‘Lyrics to GO, Vol. 2’ is Kota the Friend’s latest reflective poetry

by Rachel Crowell

‘Lyrics to GO, Vol. 2’ is Kota the Friend’s latest reflective poetry

Kota the Friend

Lyrics to GO, Vol. 2

FLTBYS · January 18, 2021

‘Lyrics to GO, Vol. 2’ is Kota the Friend’s latest reflective poetry

Kota the Friend’s new album is short but deeply personal, like a fifteen minute rags-to-riches poem. As always, he brings his unique voice and perspective into each of the tracks, and the album acts as an ode to Brooklyn, where Kota was born and raised. He reps his Brownsville, Clinton Hill, and Gowanas education and puts that first over material things in the song “Luke Cage.” Lyrics to GO, Vol. 2 is full of allusions and lyrically clever pop culture references, and offers listeners a peek into Kota’s life.

Like a lot of other successful rappers, Kota reflects about how much he used to want fame growing up. Similar to the narrative in To Pimp A Butterfly, where Kendrick Lamar transitions from a lustful, power-hungry king to a man trying to find his humanity and religion, Kota also reflects on what fame means to him. The album lacks the catchy melodies of past hits “Long Beach,” “Colorado,” and “B.Q.E.,” but this is most likely because Kota wants to focus on the lyrics, which are more personal than in his former albums.

This album is so lyrically detailed that just listening to it is not enough – it almost begs to be read. A lot of Kota’s messages are lost if the song is just listened to, since he includes a lot of clever allusions in every verse. “Luke Cage” references the Marvel superhero that saves Harlem, and like the hero, Kota wants to protect his people from Brooklyn. He is presumably inspired in another verse by artists like Kendrick Lamar, Ice Cube, Bryson Tiller, and Kanye West, who have all referenced the Adam Sandler movie Water Boy in their verses, when Kota raps, “my flow is like the water, call me Bobby like Boucher.” Next, he cleverly combines a rhyme while bragging that he takes “Ls but [he’s] still a legend like LL Cool J.”

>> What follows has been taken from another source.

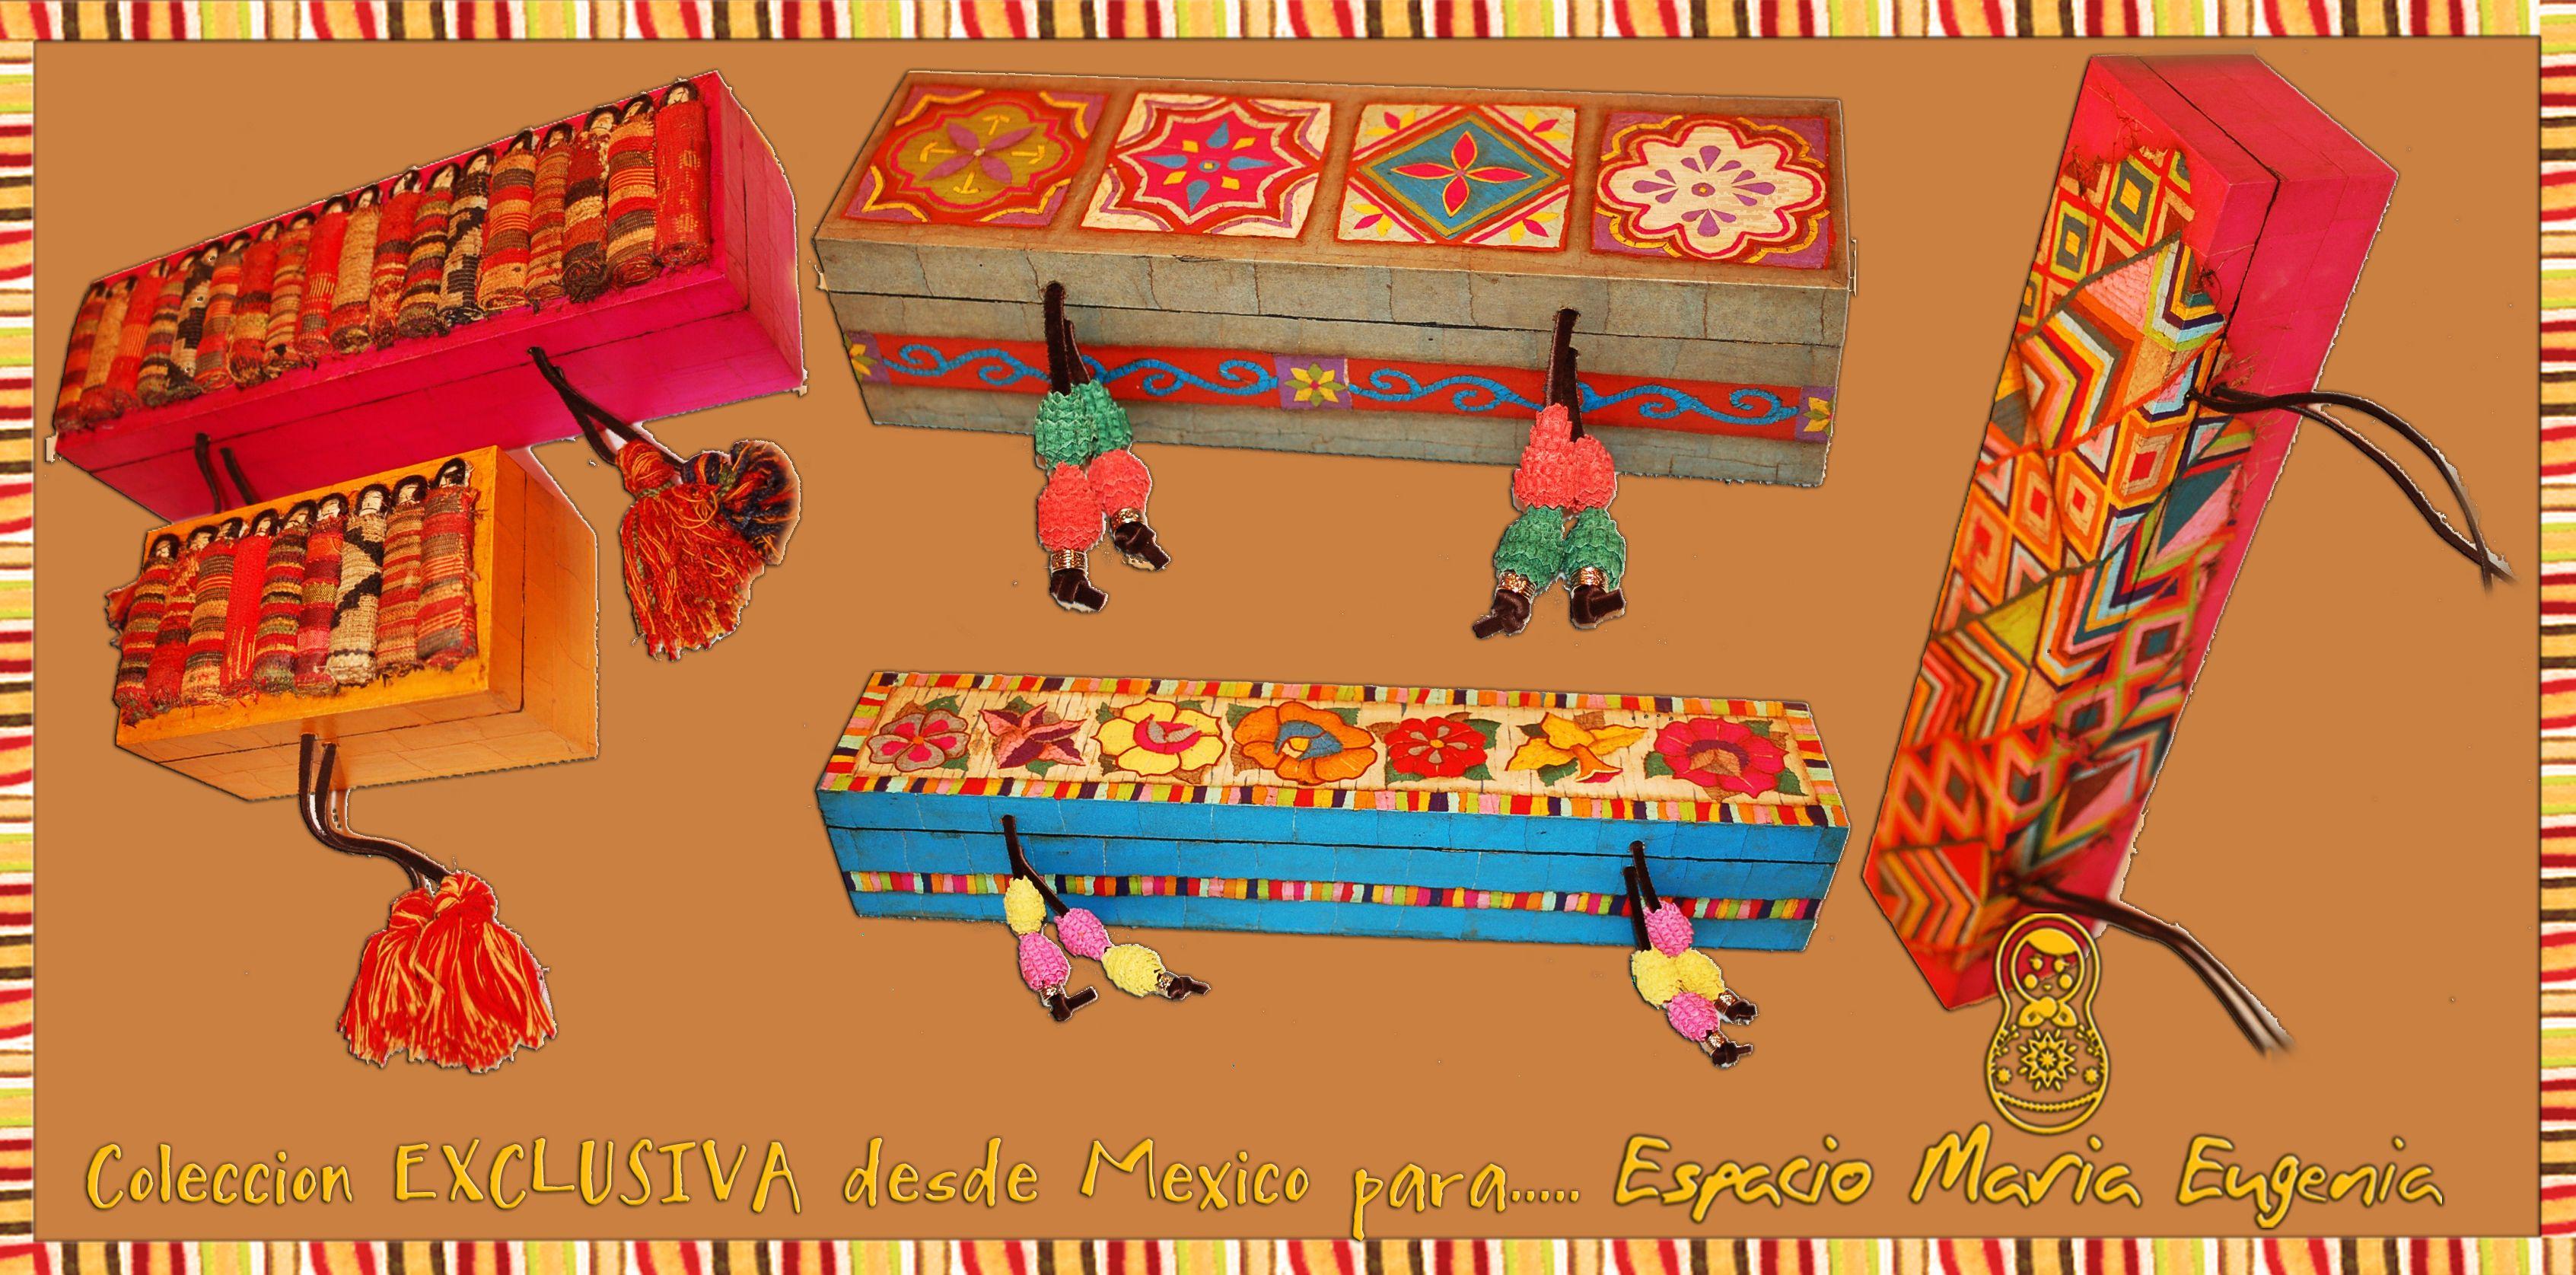 Cajas mexicanas confeccionadas totalmente a mano - Piezas artísticas únicas - Espacio María Eugenia

This album might not have the same appealing bubbly intros and smooth melodies that Kota’s other songs have, but there is a lot more substance. Kota openly reflects about how his fame has led him to a greedy life, and how he not only possesses “generational money” but also new money that he has never possessed before and he wants more. His reference to these topics really strengthens the content of the album since it gives fans a deeper insight into his life. Although this album might not make the top of the charts, he does an excellent job at reflection in every song. He discusses how much he struggles with mental health and confidence. Even though he really confesses his feelings in this album, he still thinks of himself as “Emotionally Dumb.” More content and emotional baggage is covered in this short album than ever before, making it more lyrically powerful than anything else he has made in the past. This album is a great addition to Kota the Friend’s discography, since it works as a little poetry book for his fans to listen to and learn from.